Compound Angle Identities
Compound Angle Identities
These identities express the trigonometric functions of sums or differences of two angles in terms of the functions of the individual angles.
Sine of sum:
\( \sin (A + B) = \sin A \cos B + \cos A \sin B \)
Sine of difference:
\( \sin (A – B) = \sin A \cos B – \cos A \sin B \)
Cosine of sum:
\( \cos (A + B) = \cos A \cos B – \sin A \sin B \)
Cosine of difference:
\( \cos (A – B) = \cos A \cos B + \sin A \sin B \)
Tangent of sum:
\( \tan (A + B) = \frac{\tan A + \tan B}{1 – \tan A \tan B} \quad (\text{when } 1 – \tan A \tan B \ne 0) \)
Tangent of difference:
\( \tan (A – B) = \frac{\tan A – \tan B}{1 + \tan A \tan B} \quad (\text{when } 1 + \tan A \tan B \ne 0) \)
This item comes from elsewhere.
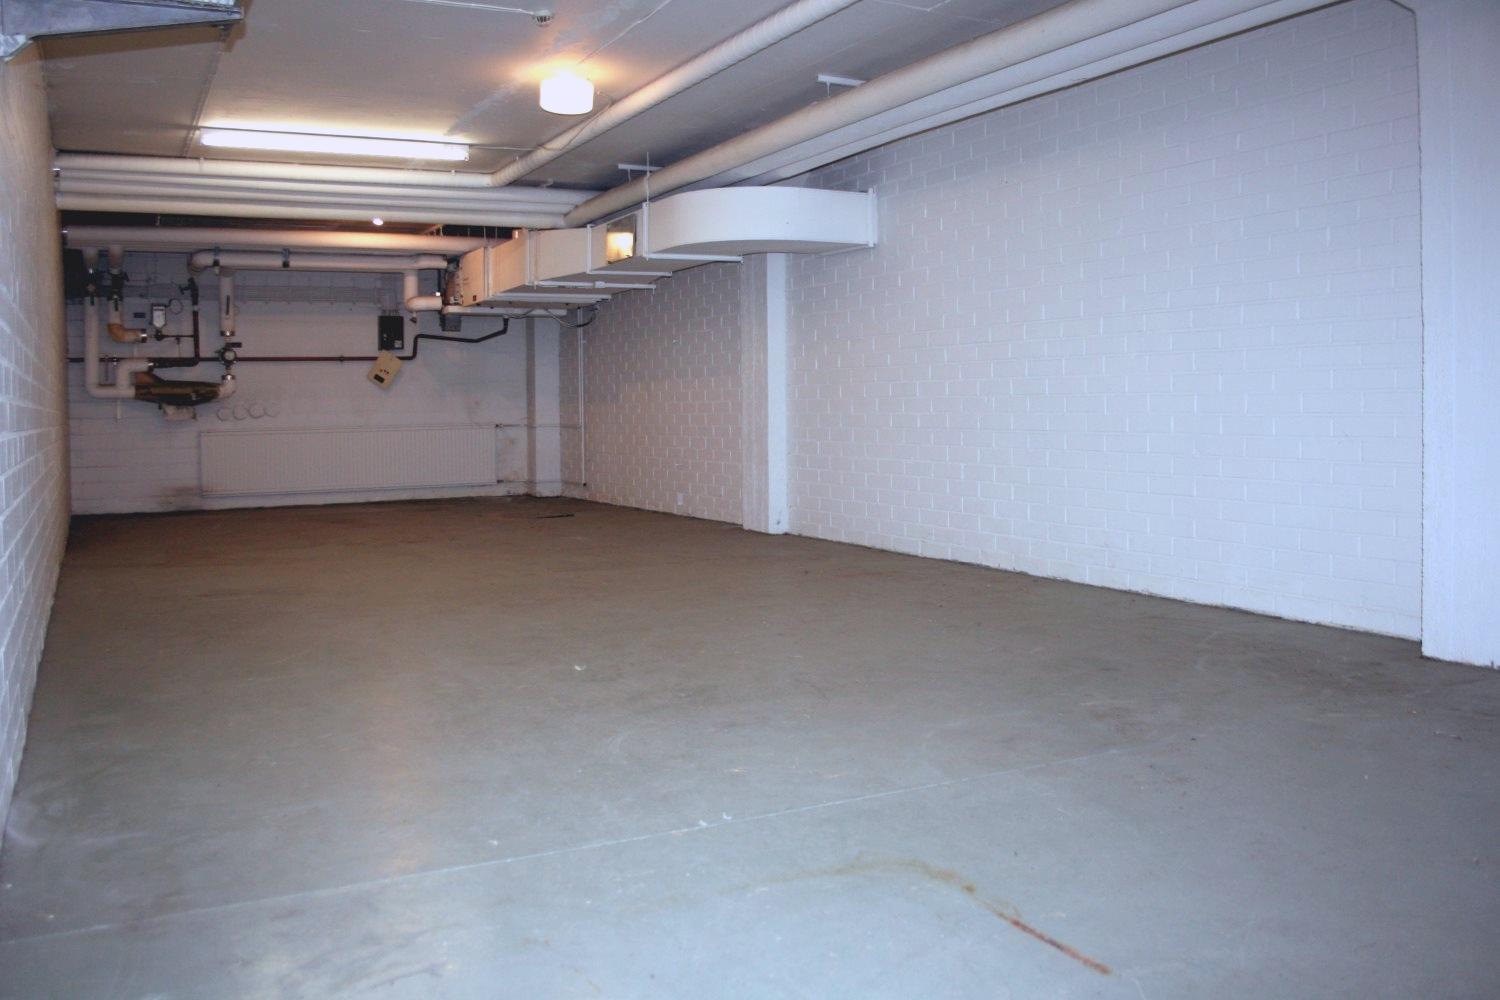 Vuokrattu varasto 62 m² Kiviruukista. Tuotanto- tai varastotilasta 353 m² uusia kuvia. - Ruukinkuja 4:stä Espoon Kiviruukista vuokrattiin juuri 62 m²:n kokoinen varasto rakennuksen alimmasta kerroksesta.Samassa rakennuksessa on juuri vapautumassa mm. tuotanto- tai varastotila 353 m², johon on kulku suoraan lastauslaiturilta. Katso uudet kuvat.
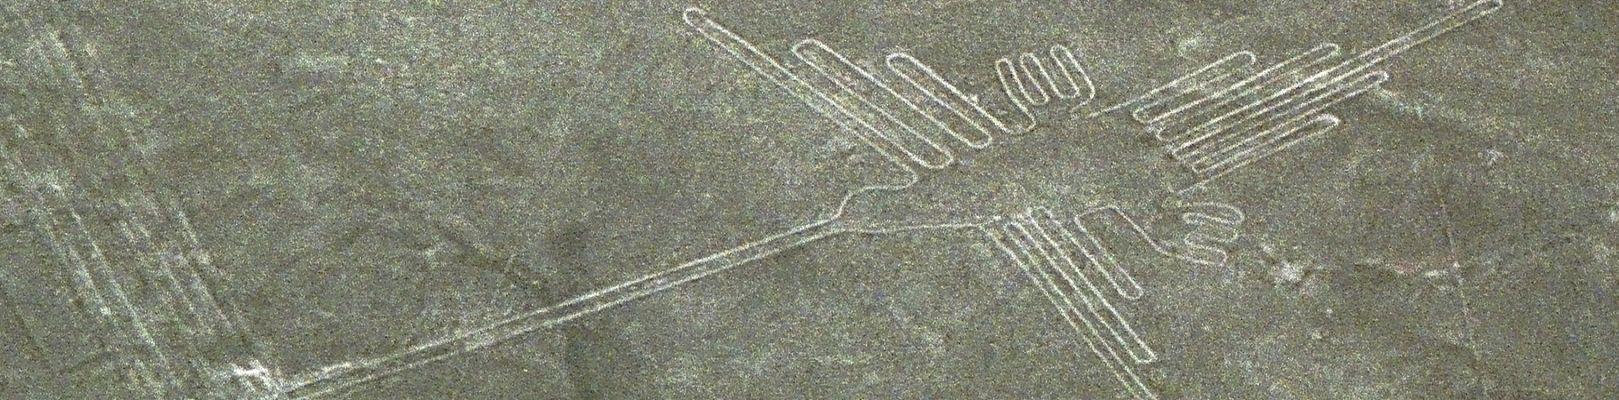 lignes-de-nazca-colibri

Note: These identities are fundamental in simplifying expressions, solving equations, and proving other identities.
Example
Find exact values using compound angle identities for:
- \( \sin(75^\circ) \)
- \( \cos(75^\circ) \)
- \( \tan(75^\circ) \)
▶️Answer/Explanation: Sine
- Express \( 75^\circ = 45^\circ + 30^\circ \)
- Apply identity: \( \sin(75^\circ) = \sin(45^\circ + 30^\circ) = \sin 45^\circ \cos 30^\circ + \cos 45^\circ \sin 30^\circ \)
- Substitute: \( = \frac{\sqrt{2}}{2} \cdot \frac{\sqrt{3}}{2} + \frac{\sqrt{2}}{2} \cdot \frac{1}{2} = \frac{\sqrt{6}}{4} + \frac{\sqrt{2}}{4} = \frac{\sqrt{6} + \sqrt{2}}{4} \)
- Express \( 75^\circ = 45^\circ + 30^\circ \)
- Apply identity: \( \cos(75^\circ) = \cos 45^\circ \cos 30^\circ – \sin 45^\circ \sin 30^\circ \)
- Substitute: \( = \frac{\sqrt{2}}{2} \cdot \frac{\sqrt{3}}{2} – \frac{\sqrt{2}}{2} \cdot \frac{1}{2} = \frac{\sqrt{6}}{4} – \frac{\sqrt{2}}{4} = \frac{\sqrt{6} – \sqrt{2}}{4} \)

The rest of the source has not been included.